Postcards from Space: The Alloys Age
Steven Hens and Malika De Ridder – Project Managers for QinetiQ’s space business
Rocket launches are always special, but they are even more special when they carry hardware you and your team have worked on.
Onboard the latest resupply mission to the International Space Station (ISS) in December, there were very special pieces of hardware made by QinetiQ and called Transparent Alloys Cartridges (TAC). They flew inside the Dragon spacecraft, on top of the Falcon 9 rocket that marked the 19th mission for SpaceX under its commercial cargo resupply mission to the ISS.
The TAC arrived safely to the Station and will now be used in the Transparent Alloys instrument itself (also made by QinetiQ), which is already on board the ISS, inside the Microgravity Science Glovebox host facility in the Columbus module. The instrument flew to the ISS on December 2017 and received high praise both from the European Space Agency (ESA) and the scientific teams working with it. The Transparent Alloys instrument aims at hosting experiments in the field of material science and more specifically, in the field of alloys.
Why does TAC matter?
And why is studying alloys important, you might ask? Alloys are mixtures of various metals. If you mix metals, you end up with a new material with different properties to the original. If you happen to find the right combination you might have discovered a revolutionary new material. Alloys have been vital to obtaining lightweight or resistant materials.
If we think about humanity’s progress, it has often been matched to its advances in metallurgy (i.e. the Bronze Age). Maybe we should name our time the Alloys Age as they are everywhere now, from rockets to mobile phones.
How does it work?
The Transparent Alloys instrument can be compared to a miniature toaster, in line with a small freezer, and two microscopes to study what happens in between. This is similar to a conveyor-belt oven found in factories or fast-food restaurants. The cartridges pass from the heating elements into the freezer at an agonizingly slow pace: they take upwards of two days to travel 1 mm, and the experiment runs on its own for several weeks. During this process in situ monitoring of the dynamics of physical processes during solidification under microgravity is possible.
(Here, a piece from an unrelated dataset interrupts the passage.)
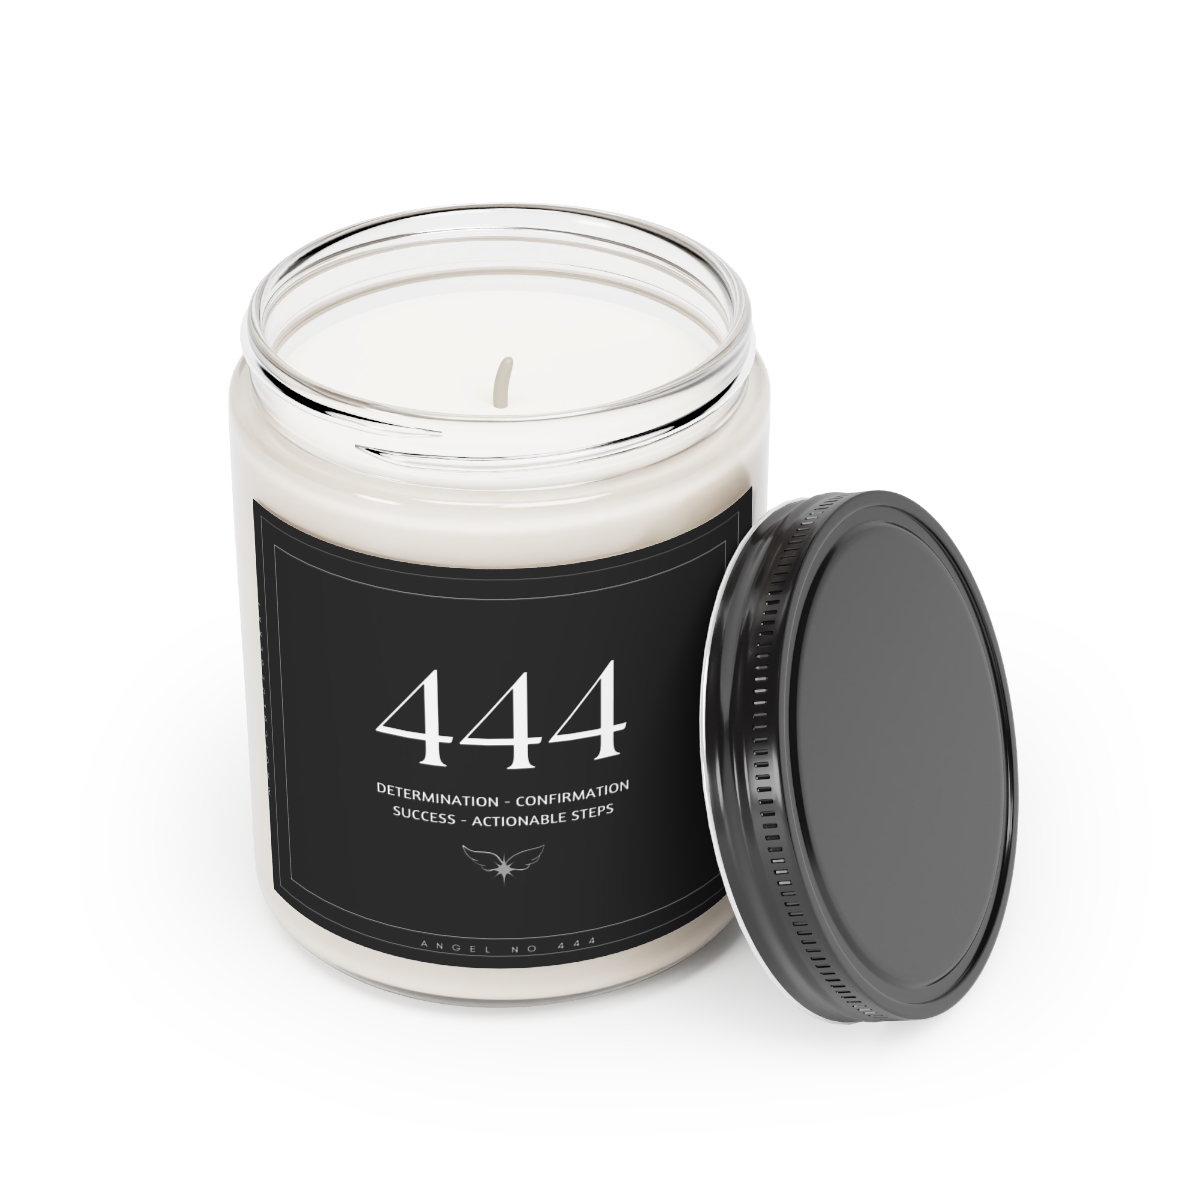 Angel Spell 444 - Scented Vegan Soy Wax Candles, Clear Jar Candle, Spell Candles, Sassy Candle, Vegan Candle, Cotton Wick Candle product thumbnail image

The new cartridges – the TAC – are providing mixtures for new experiments. In fact, five different groups of scientists have or will use the instrument. This multi-user aspect was the main challenge for the design of the instrument as most of the parameters were variable: different sizes of experiment cartridges, specific optical requirements, and a large range of temperatures from -10°C up to +250°C. Furthermore, some of the experiment materials require three levels of containment for safety reasons.
The space team at QinetiQ has worked together with ESA and the science teams to accommodate their necessities and is confident the upcoming projects will be a success once again.
Image credit: NASA